If your CEP solution doesn’t have a good persistence story, you’re toast

In days of old, when CEP didn’t exist, and we called it ESP, or Event Stream Processing, the whole value proposition that most vendors in the space espoused was, “We don’t have to write stuff to the database to process it.  And that makes us really fast!”


What made me start thinking about this was all the stirring lately in the in-memory database area.  Hasso Plattner’s (SAP’s chairman) been working on this for quite some time and last week announced some fairly startling news.  SAP is planning on using both row/column, in-memory store for everything.  Because the underlying database is so fast, a lot of stuff that had to be pre-calculated previously, doesn’t have to be any more.  And that can cut down a database size by an order of magnitude.  Small enough to fit in memory. How?  Let me explain.


A company’s OTP (online transaction processing) environment is where the money is made.  It’s typically a row-based, transaction oriented, ACID compliant store.  Vendors like Oracle, Sybase, & Microsoft dominate here with a growing segment of PostGreSQL and MySQL use.  A business needs speed and they need transactions here – you want to know if someone has bought something or not and it needs to happen quickly so that customers don’t get upset and go somewhere else.  The data models are normalized, key-based, and sparse.
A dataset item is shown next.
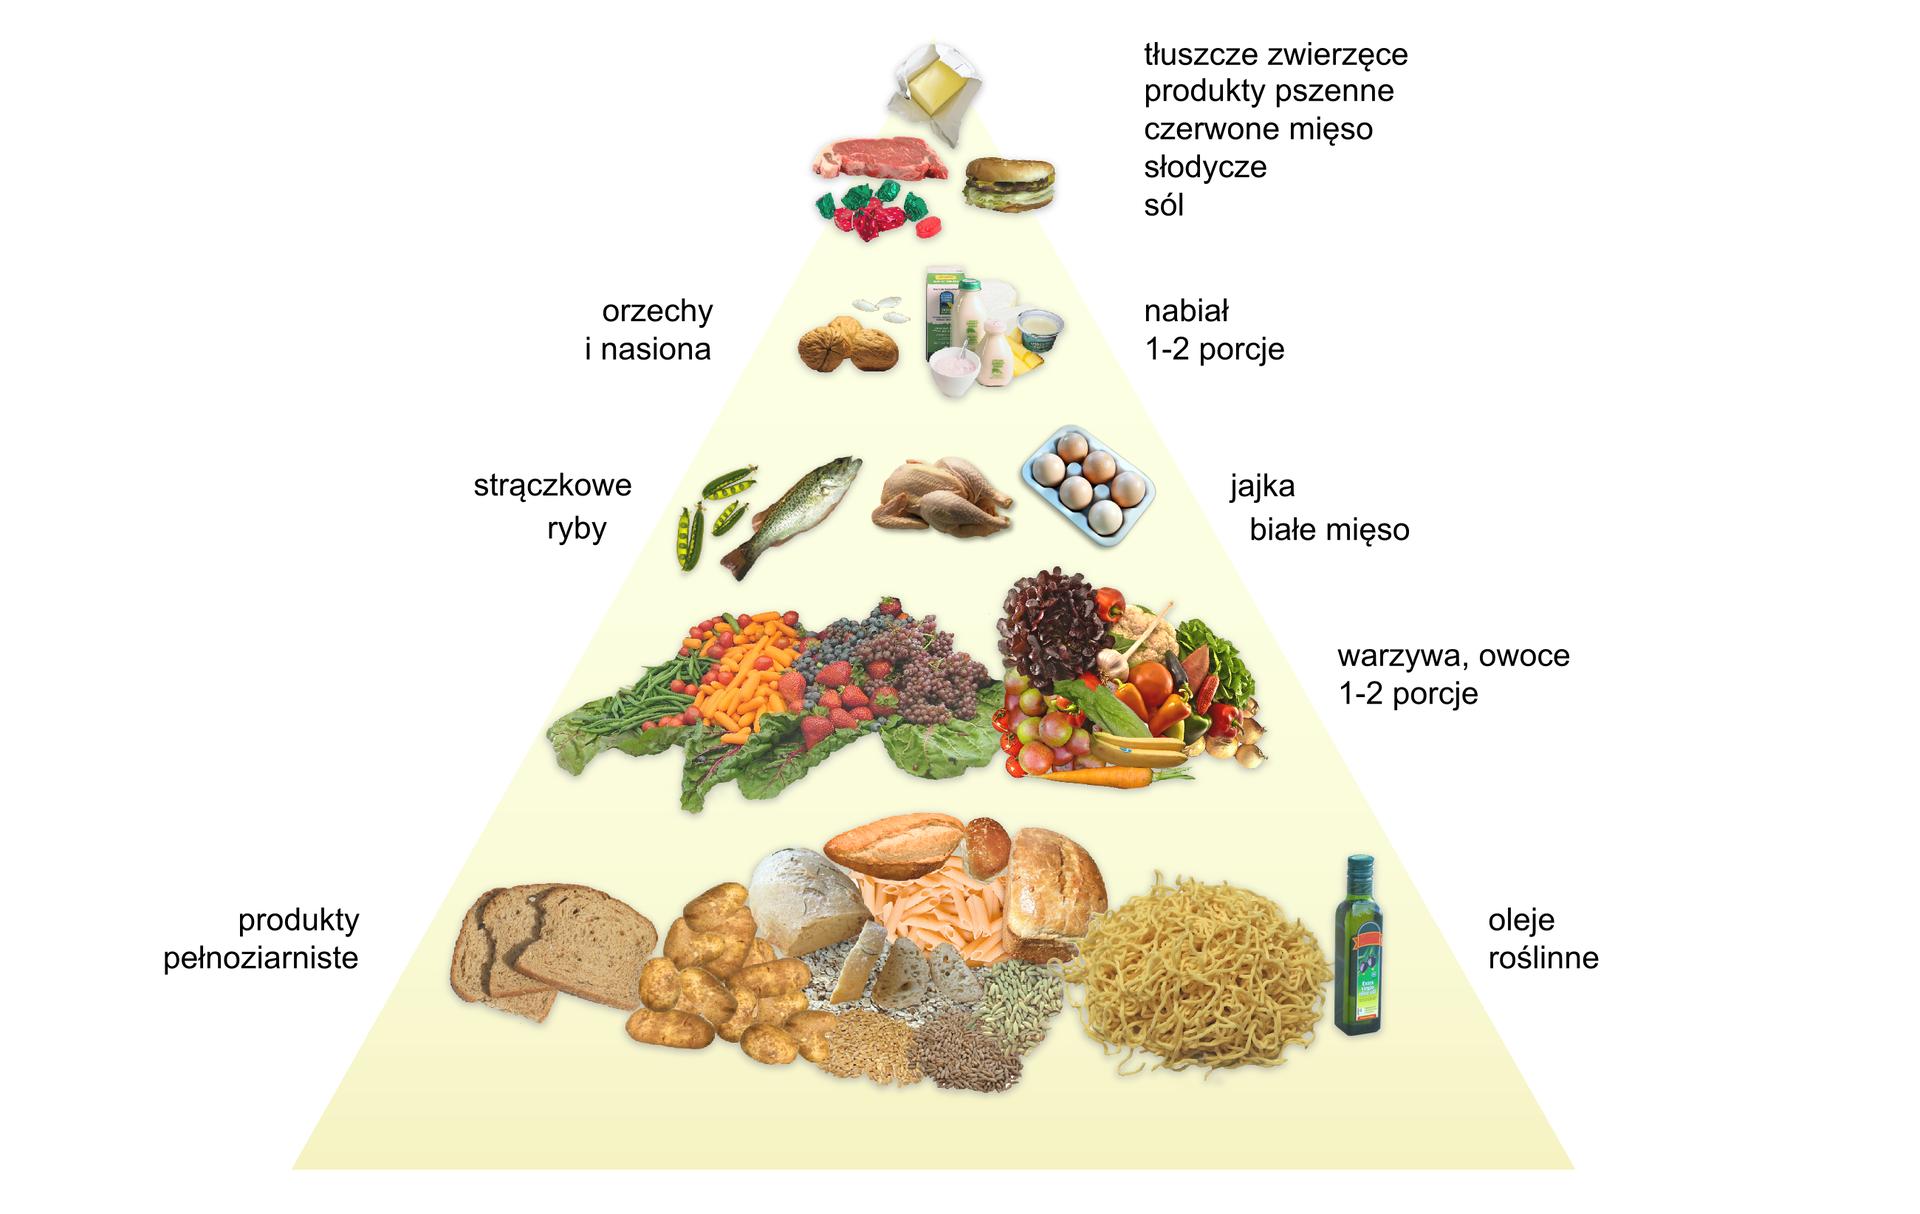 IIlustracja przedstawia piramidę zdrowego żywienia. Wjej najszerszym miejscu umieszczono sylwetki kobiet uprawiających sport. Aktywność fizyczna ikontrola wagi jest sposobem utrzymania masy ciała na pożądanym poziomie. Wyższe piętro piramidy zajmuje pieczywo, kasze, makarony oleje roślinne. Powyżej mamy owoce iwarzywa. Kolejne piętro wypełnia nabiał, mięso iryby. Powyżej znajdują się nabiał, orzechy inasiona . ostatnie, najwęższe piętro zajmuje żywność wysoko przetworzona: słodycze, sól.

When a company wants to analyze sales, or costs, or whatever, they typically extract all the data from their OTP environment, transform and load it into their data warehouse and may update their OLAP environment at the same time.  Updating the OLAP environment involves taking all of the transaction data from the OTP environment and exploding it into huge fact tables with corresponding dimension tables.  And lots and lots of pre-aggregated results. This is all so that end user OLAP tools can spin the data to provide analysts with way to analyze all the OTP data.  Questions like “let me see sales by product by region by quarter,” or planning questions like “what happens if we raise salaries by 5%?”  This creates a lot of data.  And all that data takes more space.  All because companies don’t want to mess with the OTP environment – and because disk is slow.


Most of the database technology so-called innovations in the relational world exist because disk is slow.  Normalized tables, indexes, etc. all exist so that data can be moved around as fast as possible because disk is slow.  And when relational databases were invented, disk was really slow.  But if an in-memory database was fast enough to not only handle the needs of an OTP environment, but also produce exploded fact tables and compute dimensional analysis on the fly, we don’t need all that extra disk space.  Sure, we still need transactions because we need to know when something happened.  But that can be done with memory now too.


But if in-memory databases are that fast now, what happens to CEP’s value proposition?  Every meaningful CEP based system I’ve worked on in the last 5 years has involved some form of persistence somewhere.  Seems like you can’t really separate the two.  So why not combine them if in-memory databases are fast enough now to support this type of behavior?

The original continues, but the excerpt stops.